Хотя Диодор, Афиней и Плутарх явно описывают одну и ту же машину, текст Витрувия, если его понимать буквально, рисует нам башню во всех отношениях меньшую. Он также единственный из всех приводит рассказ, как машина увязла в луже сточных вод, которую защитники крепости умудрились налить на ее пути. Ясно, что башня была столь тяжела, что колеса просто увязли в топи. Возможно ли, что Витрувий по ошибке описал здесь совсем другой гелеполь? Ведь известно, что Деметрий использовал такие же машины при Аргосе в 295 году до н.э. и при Фивах в 291-м. Рассказ Витрувия любопытным образом перекликается с текстом Плутарха, который отмечает, что гелеполь у Фив был таким громадным, что воины смогли продвинуть его лишь на две стадии (1200 футов, или 355 м). Не было ли это вызвано попаданием в топкое место?

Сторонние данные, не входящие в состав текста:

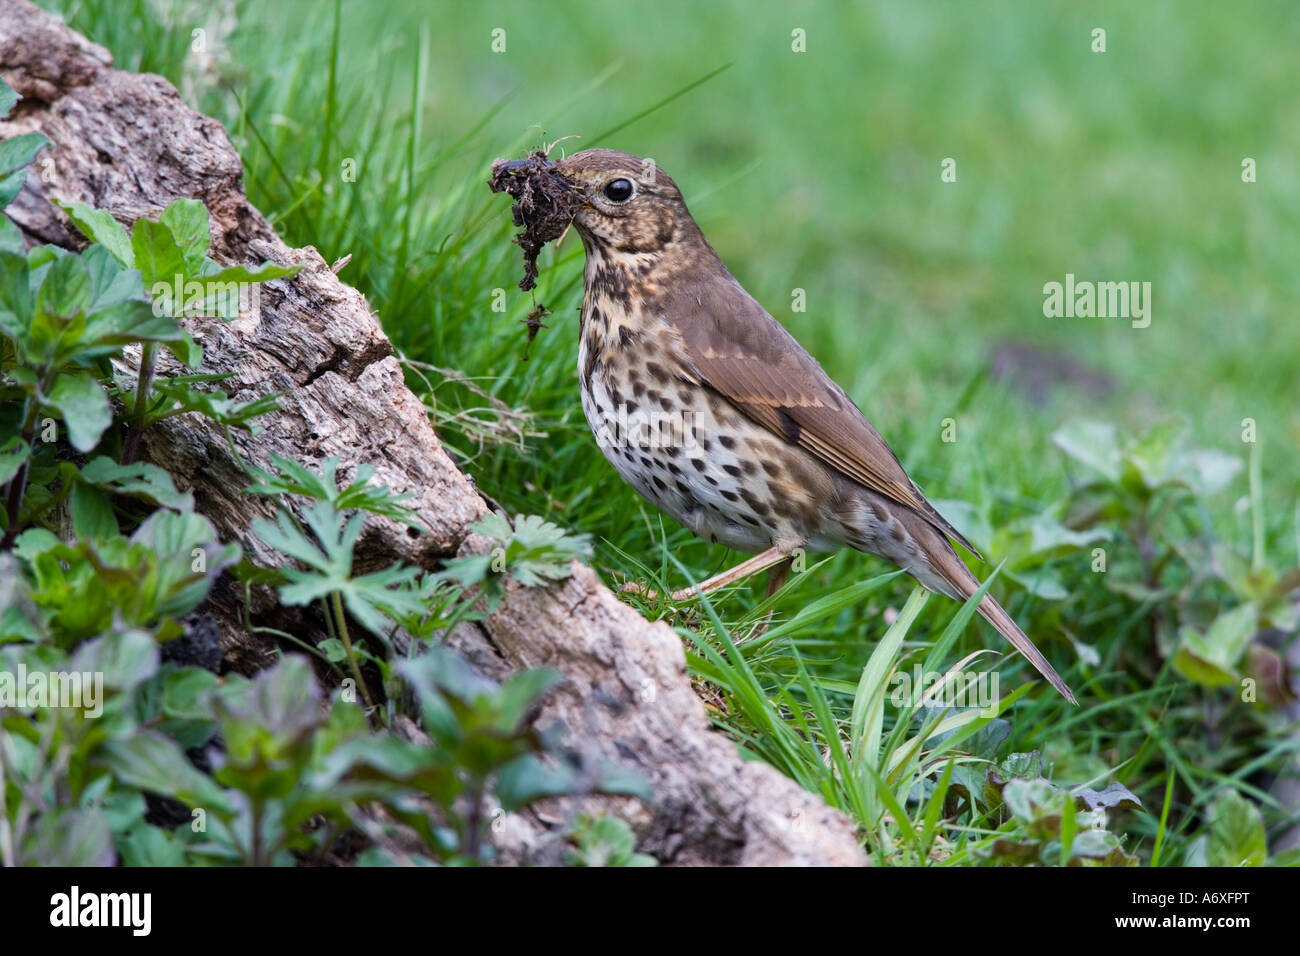 Song thrush Turdus philomelos standing on log with beak full of mud for nest building looking alert with nice defuse background Stock Photo

Никто из античных авторов не говорит подробно о способе, которым приводились в движение эти тяжелые машины. В этой связи часто вспоминают отрывок современника Дионисия, историка Ксенофонта. Ксенофонт рассказывает, как персидский царь Кир в середине VI века до н.э. использовал восемь упряжек быков, чтобы тащить трехэтажную башню высотой 12 локтей (18 футов, или 5,55 м) с командой из двадцати человек. Однако это не была осадная башня. На самом деле она была предназначена для полевого сражения и располагалась позади основной армии для оказания ей поддержки. Нет сомнения, что после того как волы доставляли башню в нужное место, их распрягали и отгоняли в безопасное место. Введение осадной башни в самый момент боя требовало совсем других решений.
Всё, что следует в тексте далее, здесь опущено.